Any new biography of Machen will have to contend with the fact that there is a growing crowd of Machen biographers. There have been several biographies of Machen written, and the first has, in many ways, stood out as definitive (if not a bit hagiographical). Ned Stonehouse’s biography was written with full access to the complete written correspondences of Machen’s estate as preserved in the archives of Montgomery Library at Westminster Theological Seminary. Dr. Stonehouse also had the benefit of being a student and personal friend of Machen, serving on the faculty at Westminster Seminary with Machen for almost a decade. No new biography of Machen will be able to compete with that kind of personal insight.
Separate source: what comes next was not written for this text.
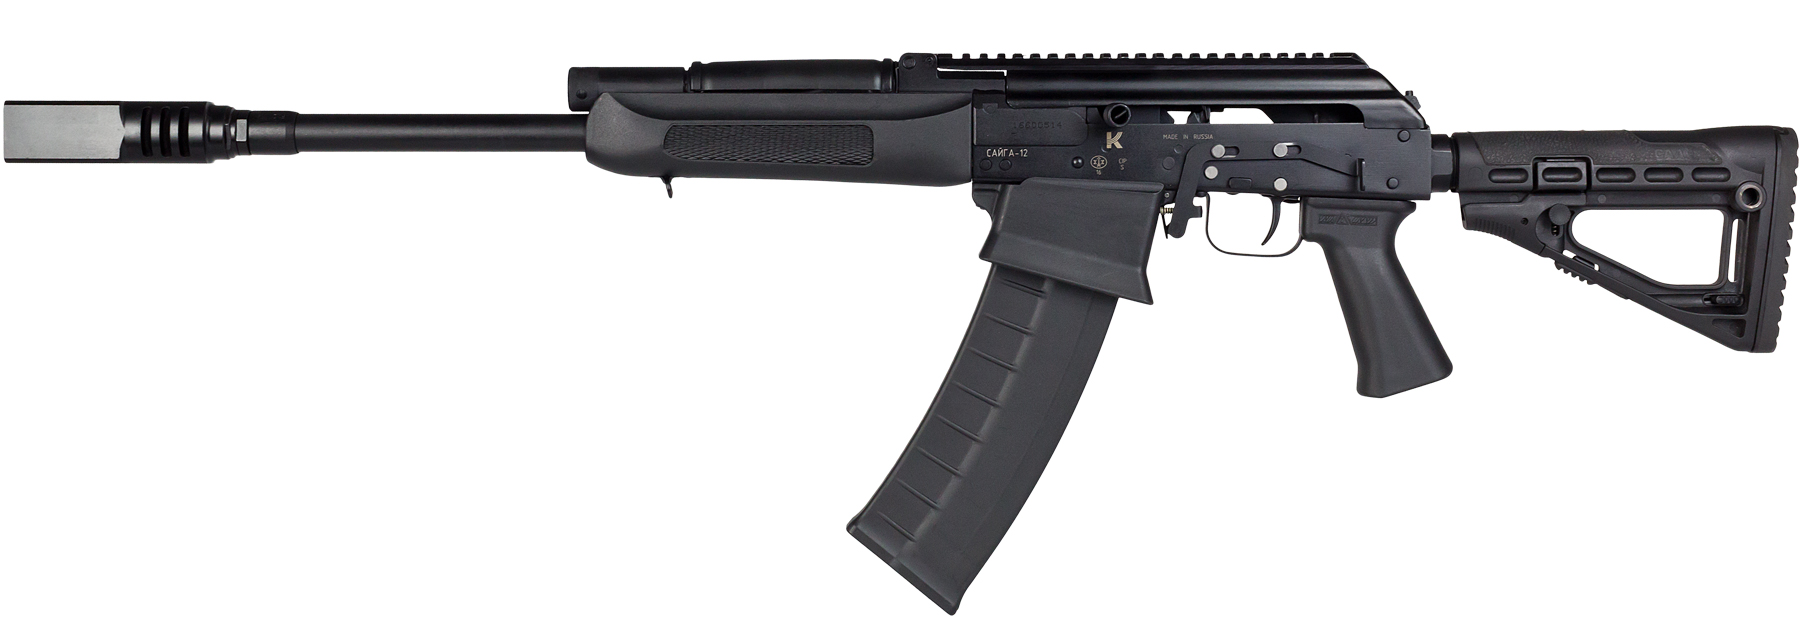 Kalashnikov AK-100 Saiga 12 IPSC

Knowing this, Burnett seeks to complement (and sometimes subtly critique) the Stonehouse biography by providing a veritable mountain of historical background to the events of Machen’s life.
The result is that the careful reader will come away with a rather clear sense of the air that Machen breathed and the water in which he swam. However, it seems as if Burnett gets a bit carried away at times. There are sections in this book wherein Machen isn’t referenced for 30 or 40 pages at a time, and when Burnett does bring it back to him, the connective tissue between the historical excursus and its impact on Machen’s actual life and thinking sometimes feels thin. To put it another way, at several points in this work, Machen’s tree gets lost in the forest of historical background.
All said and done though, this book is tremendously helpful, offering a unique view into the life and times of J. Gresham Machen not found in any previous work on the subject. What must have been uncountable hours spent poring over the personal correspondence of Machen in the basement of Westminster’s library and the rigorous research into the niche corners of American Protestant higher education has paid off in a marvel of historic work on a man whose efforts helped preserve orthodox Reformed Christianity for the generations that followed.